The amazing thing is, I think I am the only one in the class who gets ticked off by this! Everyone else just starts screaming over the chaos, embracing it; adding to it. Who gives two shits about the weirdo whitey? I mean, if I can’t hear clearly what the teacher is saying (in Chinese), I am completely lost. Just three moves behind, fully fucking baffled. Fully stressed.
But noise is no big deal here. It never is.
Noise? Just pump up your own volume and overpower that shit. Thems the rules, fool.
Granted, a lot of this has to do with the constant din of scooter traffic. It’s not helping anything, especially the Rough Rider punks with potato-shooter exhausts just screaming full throttle every 50 meters red light to red light. That creates a certain baseline daily deafening.
But then you have shops on the street that BUMP techno and pop music on the sidewalk in some ill-conceived marketing ploy to lure your attention. It’s as if they believe the louder their stores, the more likely you are to enter. Call it the “Abercrombie Corollary.”

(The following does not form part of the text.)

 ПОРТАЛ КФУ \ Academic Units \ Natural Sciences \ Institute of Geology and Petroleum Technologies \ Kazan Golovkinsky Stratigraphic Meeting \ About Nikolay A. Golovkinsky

You’ve got pharmacies and grocery stores blaring lists of sales items on repeat outside the entrance, constantly crying “要买要快喔!” (Wanna buy it, better hurry!”) every 5 seconds. Again. And again. And again. All day long. Soap? ”要买要快喔!” Detergent? ”要买要快喔!” Super absorbent maxi-pads?! “要买要快喔!”

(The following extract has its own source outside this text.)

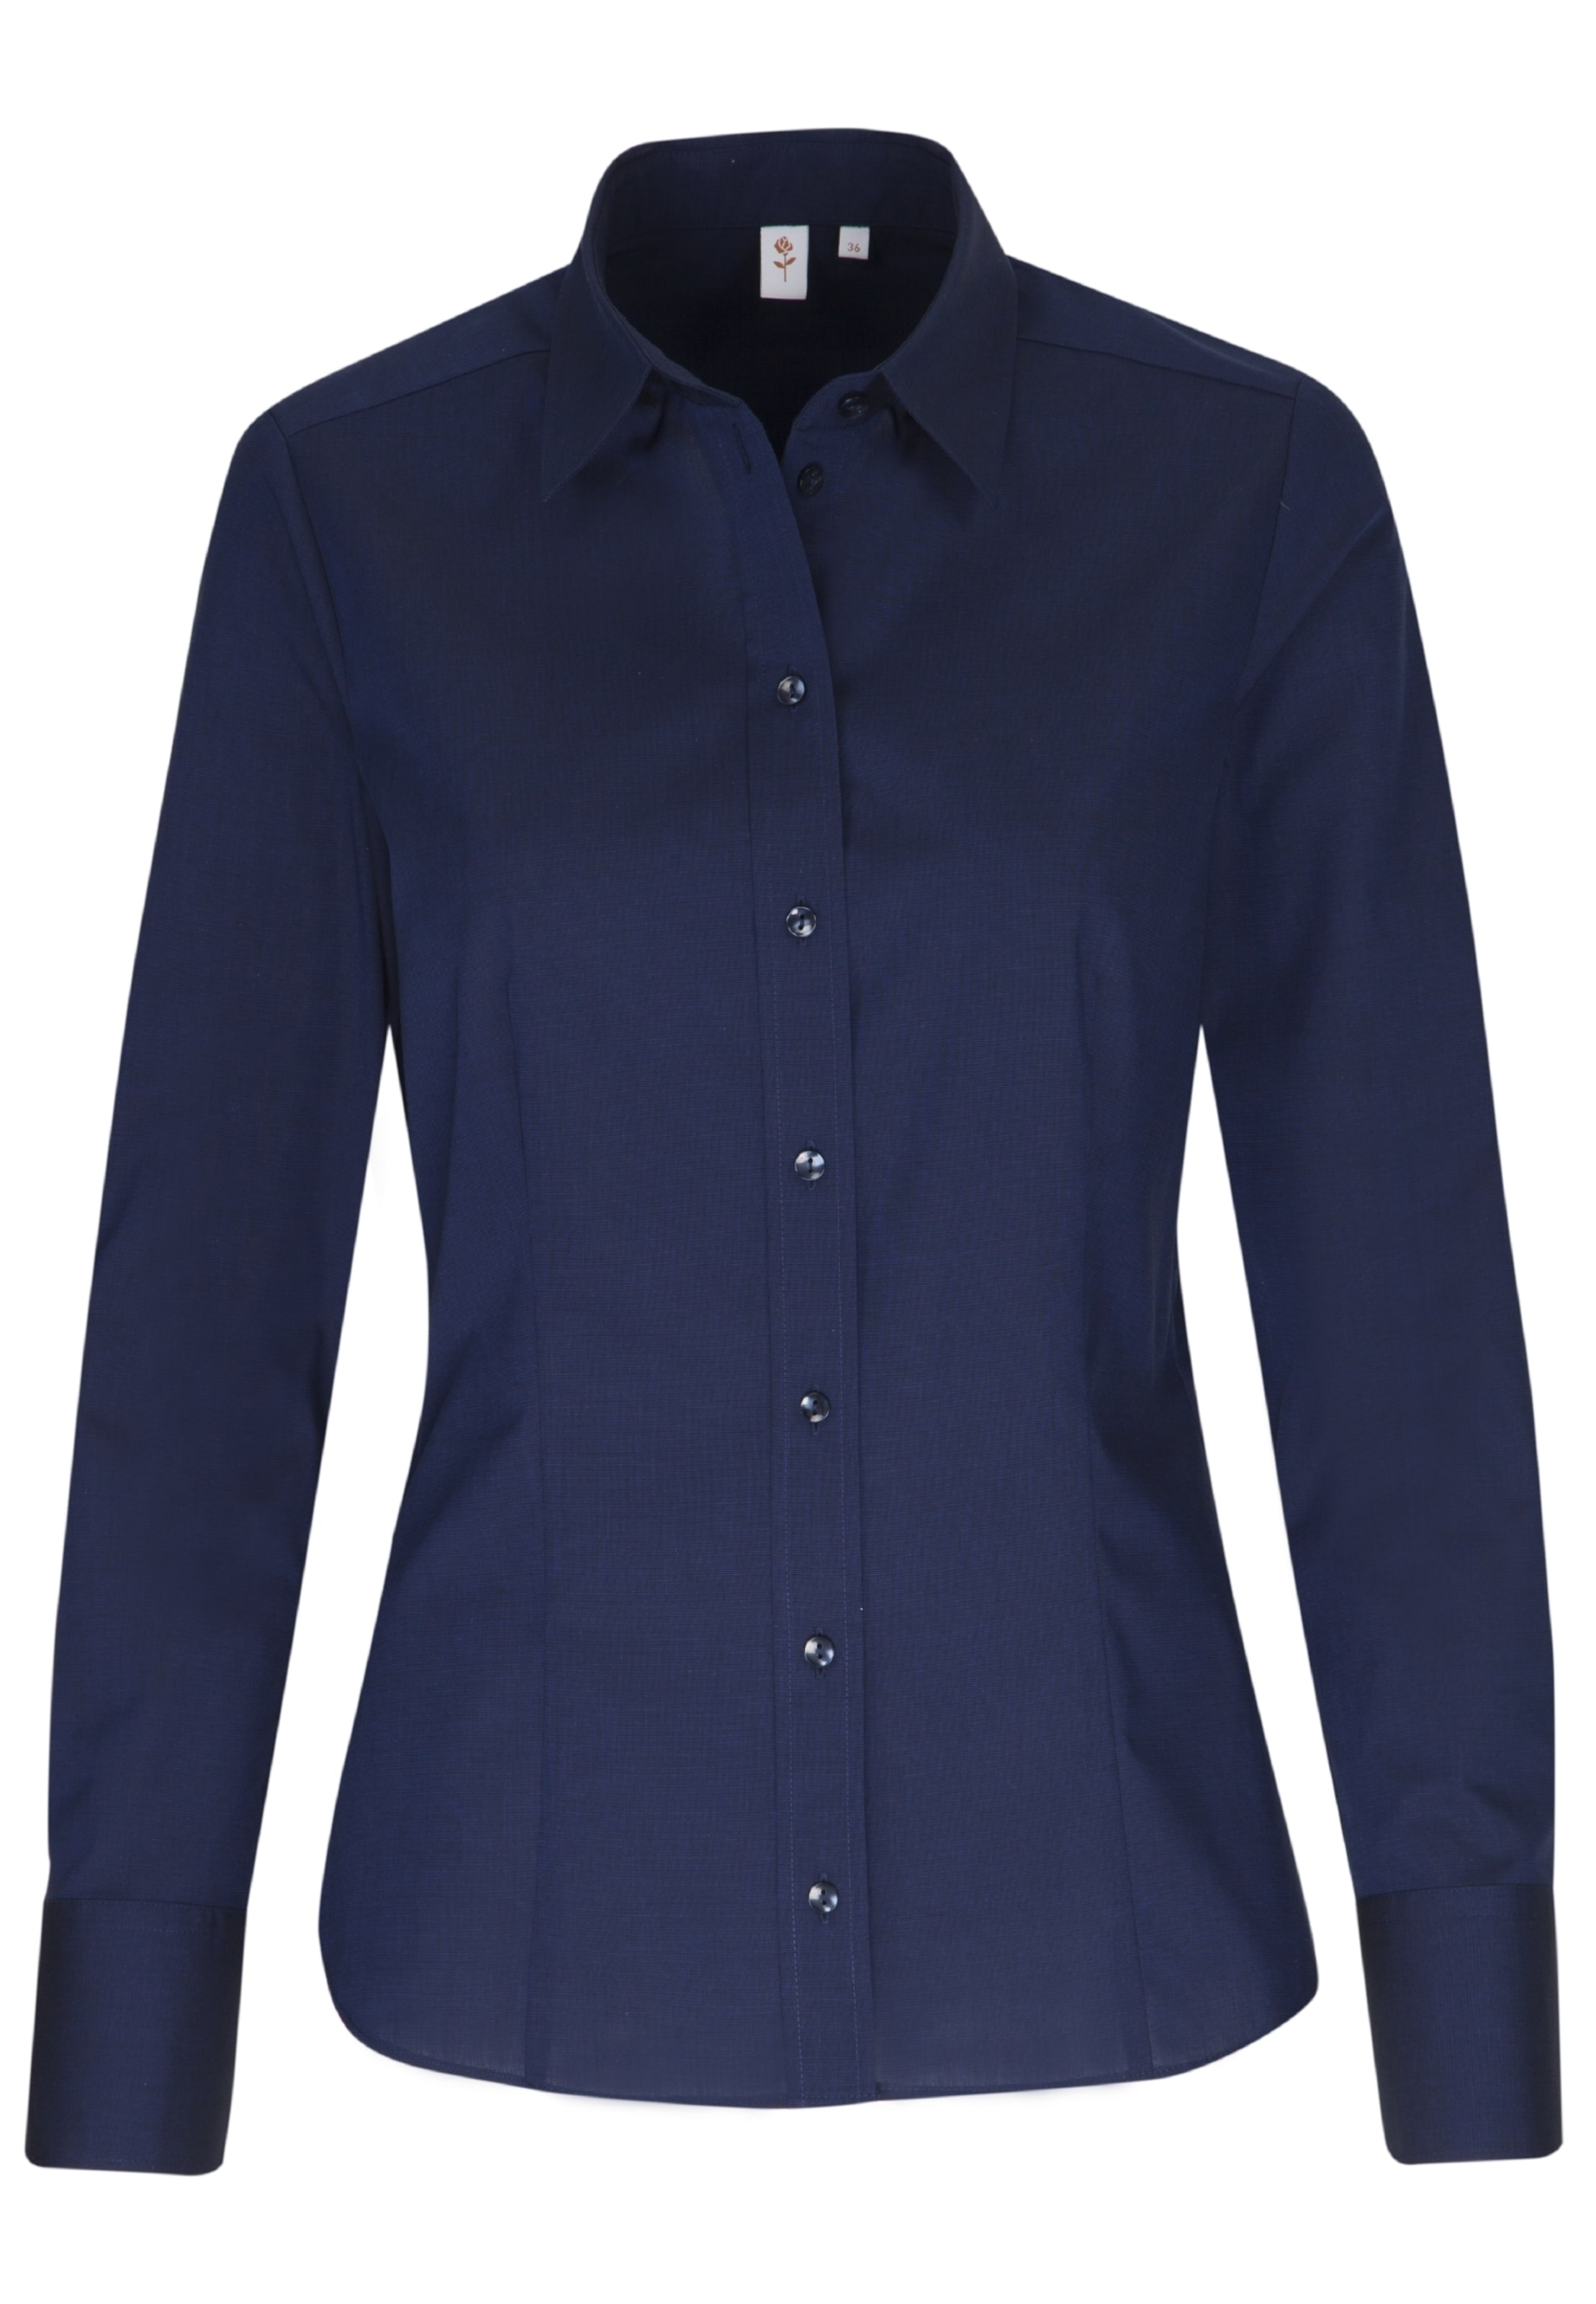 Seidensticker City In bluse Rose' Blau 'schwarze ybgYf6I7mv

The grocery store down the street from me takes bullhorns, inputs the daily sale, then leaves them on stacks of sale goods throughout the dinky little store I’m talking two bullhorns within an arms reach of each other, spouting out different product pitches. ”要买要快喔!”

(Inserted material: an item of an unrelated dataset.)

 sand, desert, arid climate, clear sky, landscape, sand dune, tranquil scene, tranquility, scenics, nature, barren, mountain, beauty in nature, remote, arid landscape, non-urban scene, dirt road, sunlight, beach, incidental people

Everyone knows about the garbage trucks that play Mozart and fa la la la. Well, as cute as it sounds, you can hear those bastards coming from a solid mile away. If you live anywhere near a residential area, you’d know it takes them a solid hour to do a city block. That’s an hour of five notes of some Bach jam on repeat. Not the whole thing, just the hook. Over and over and over and over.
No Saturday morning is complete without the neighborhood repair guy riding around on his jalopy bicycle creation at the buttcrack of dawn, with a recording of his own on blast. “卦门! 换玻璃!” (Hang doors! Fix windows!) and other mumbly gibberish.
This row of election propaganda trucks lines up outside my house every morning.
Don’t forget now we’ve got the election trucks. Imagine those al-Qaeda Toyotas with the machine guns on back, except change out that machine gun for a four-headed megaphone system. Those guys cruise up block after block at a snail’s pace, and once again, most of the time, you can’t even comprehend what they are saying.
I could go on and on. But that should suffice.
Taiwan is the noisiest country on Earth. Tinnitus, here I come.